Tim Owen QC criticised the Security Service for the way it investigated the former parliamentary researcher, who worked for and had an affair with Liberal Democrat Mike Hancock.

Insisting there was no evidence against his client, he likened the spooks to Clouseau, the comedy Pink Panther character, rather than John Le Carré's spymaster.

Mr Owen called the investigation a "witch hunt" and "amateurish, poorly researched, incoherent, single-minded, misleading and, at times, frankly desperate".

He also attacked the inexperience of some of the agents assigned to the case, one of whom accepted she was "pretty green" and was learning "on the job".

Mr Owen was speaking on the final day of a hearing of the Special Immigration Appeals Commission (Siac) which will rule whether Zatuliveter should be deported.

Ms Zatuliveter, 26, met the Liberal Democrat MP for Portsmouth South in April 2006. The pair later began an affair. The Siac commission heard yesterday that she wrote in her diary like a "love-struck teenager", and made entries of a "highly personal nature".

She denies the Government's accusation that she is a member of Russian intelligence and was intentionally used to target and seduce Hancock, who sat on the Commons Defence Select Committee and chaired the All Party Parliamentary Group on Russia. She also denies that the diary entries are faked to lend her story credibility. Dates, travel details and information in the diary about her relationship look "entirely plausible", said the judge, Mr Justice Mitting.

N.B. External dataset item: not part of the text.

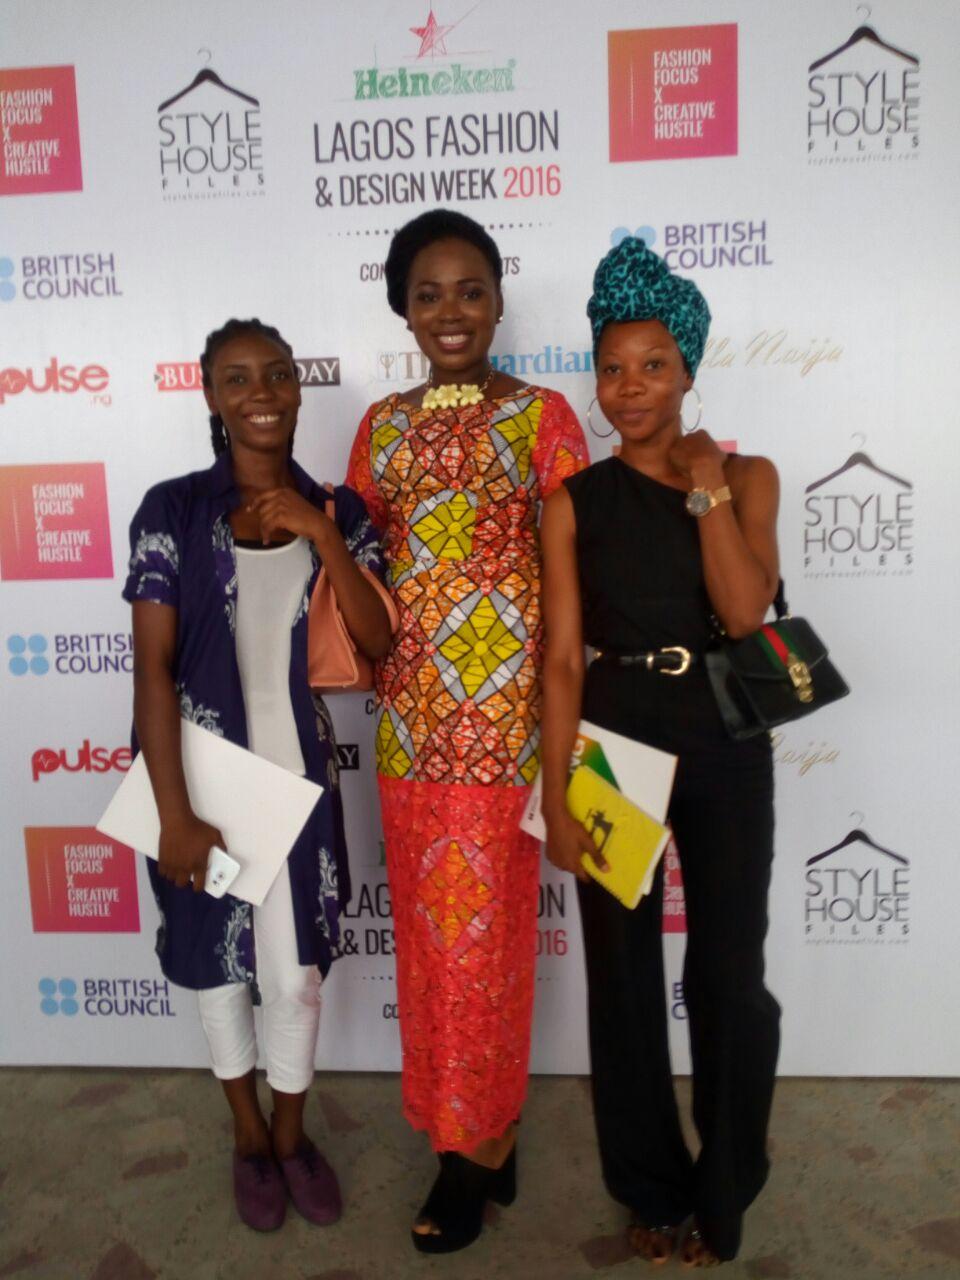 fashion-focus-x-creative-hustle-calabar-11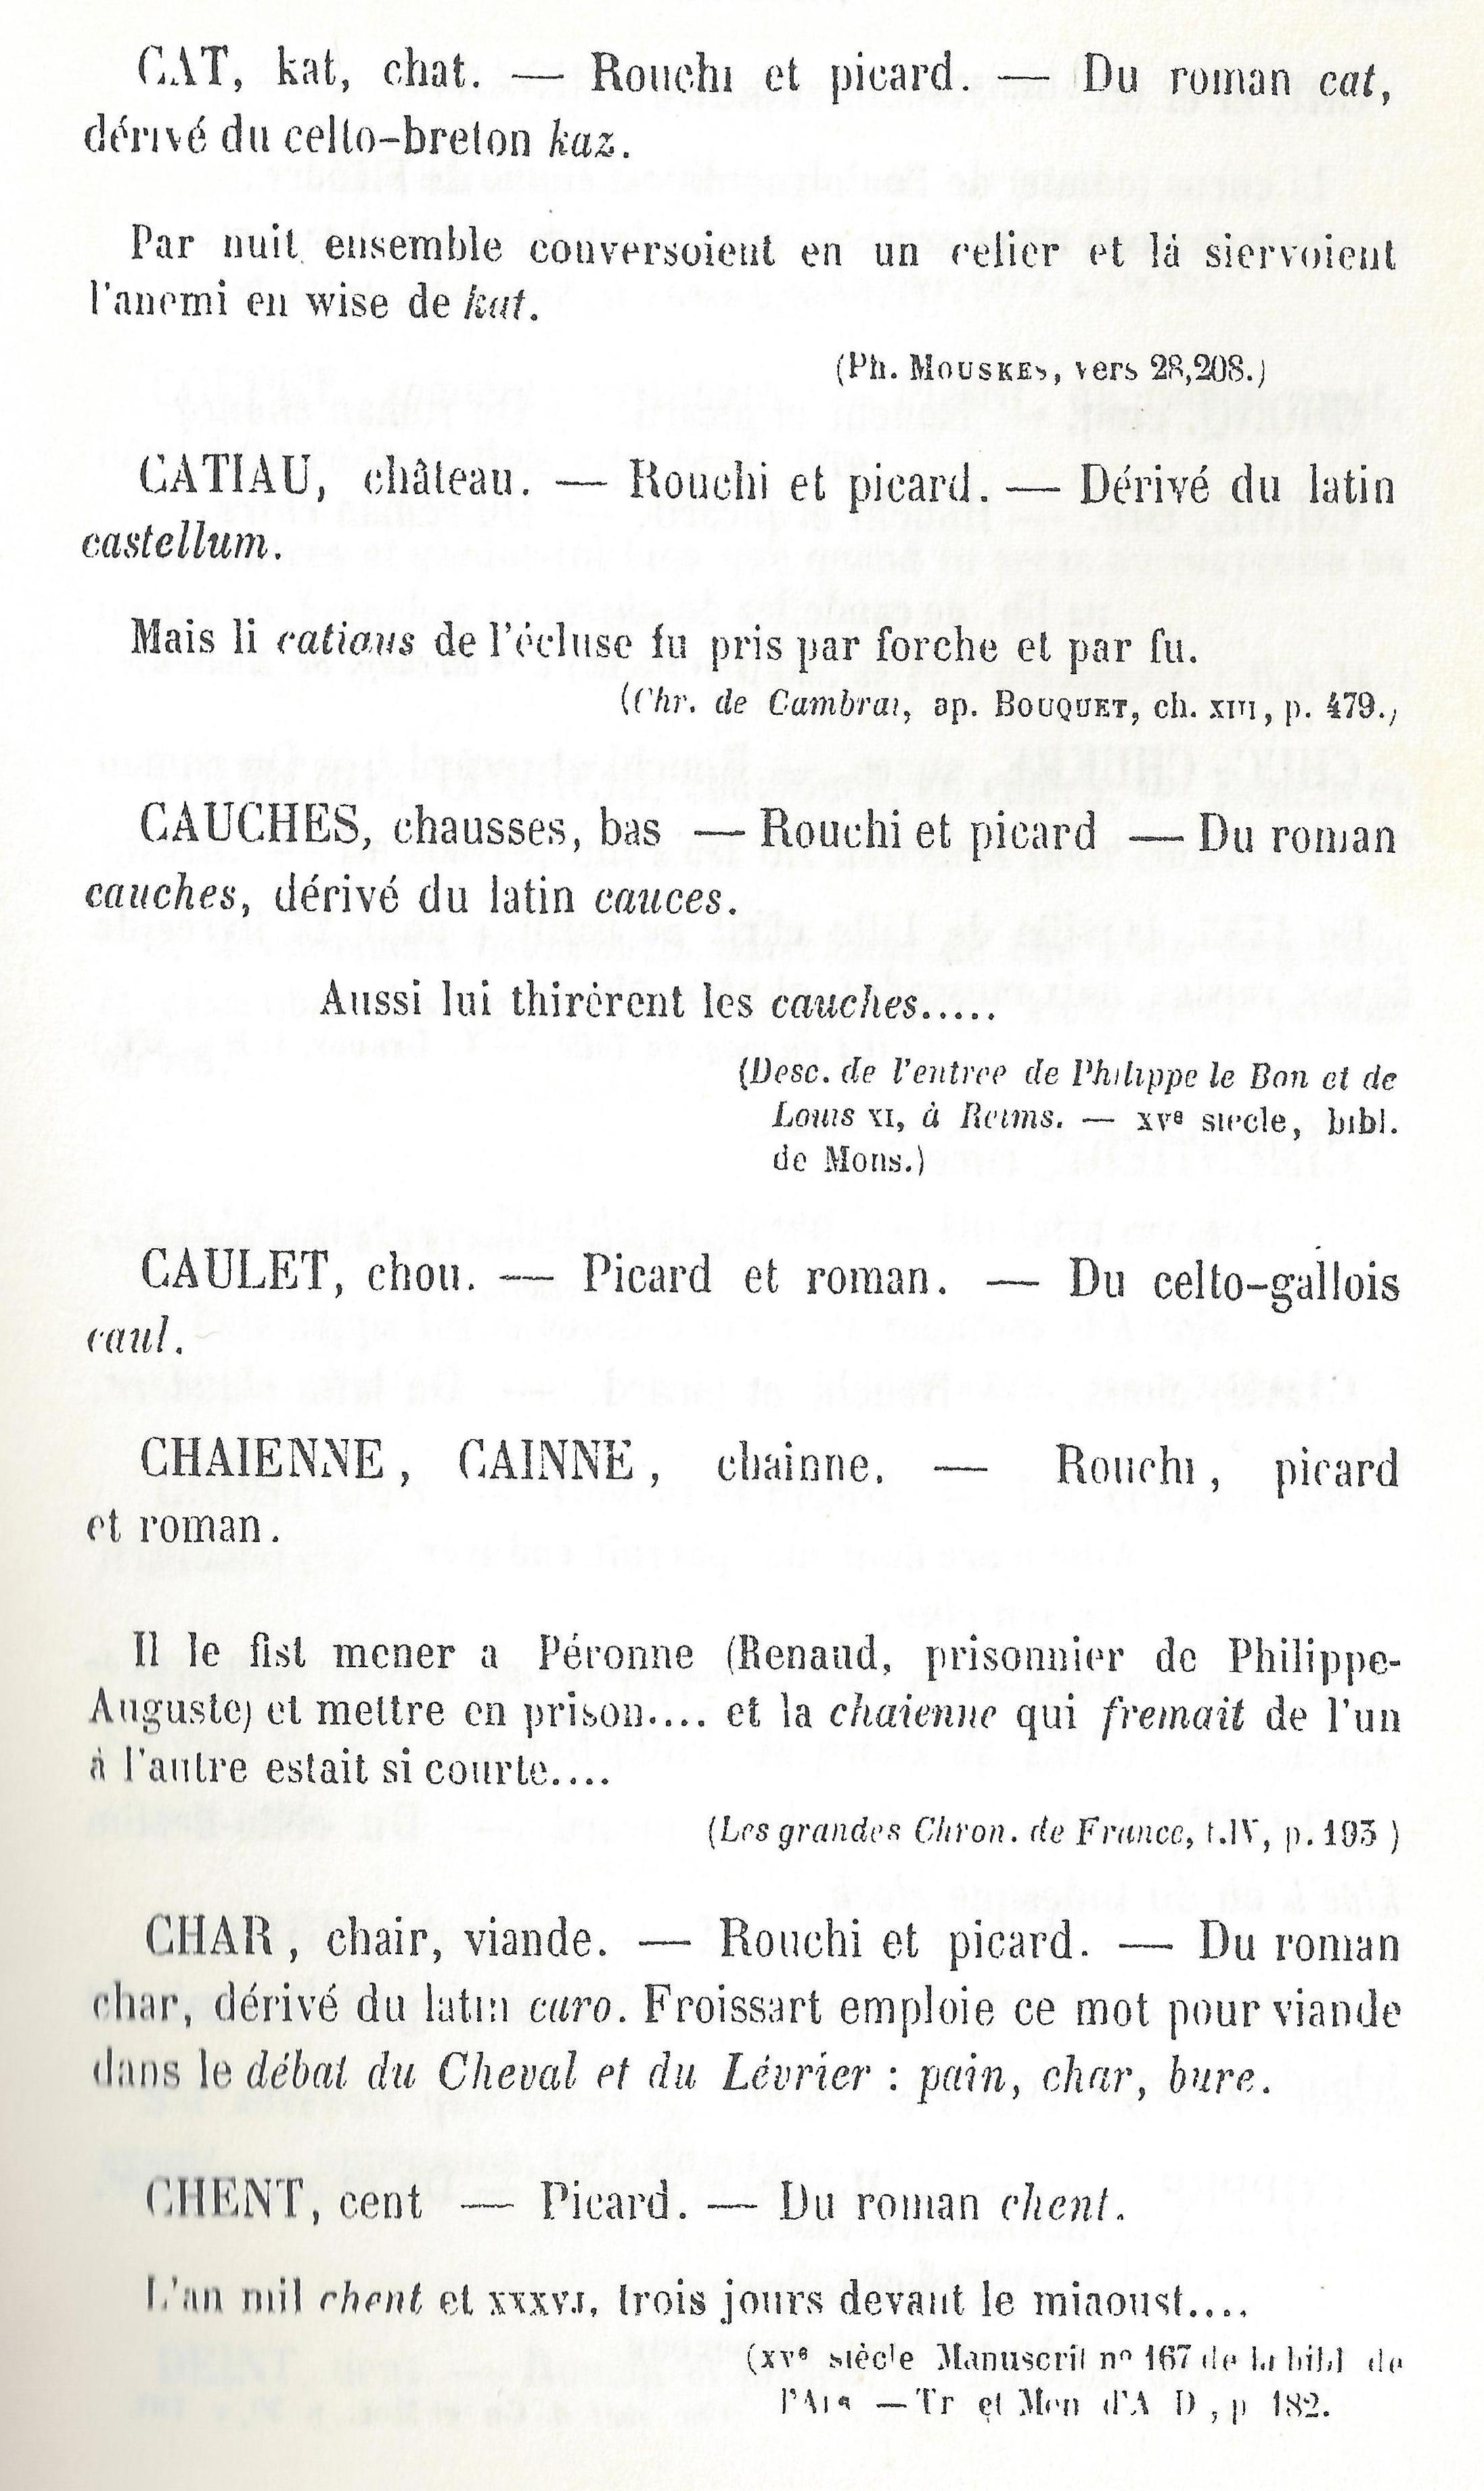 patoi de tg 4b_Histoire du Tourcoing Charles Roussel_Delfontaine le livre d'histoire monographies des villes et villages de France

The alleged spy was initially interviewed by MI5 in autumn 2009. In August 2010 she was detained at Gatwick Airport as she flew back from Croatia and interviewed by the Security Service.She was arrested in December last year and served with a deportation order.

Mr Owen said there was "not a jot" of evidence against her.

Siac hearings are unusual in that for large periods they are held in secret with neither Zatuliveter nor her lawyers allowed inside. Instead, a specially vetted adviser represents her but the official cannot relay details of the proceedings to her team. It is not known what evidence – if any – is being presented behind closed doors.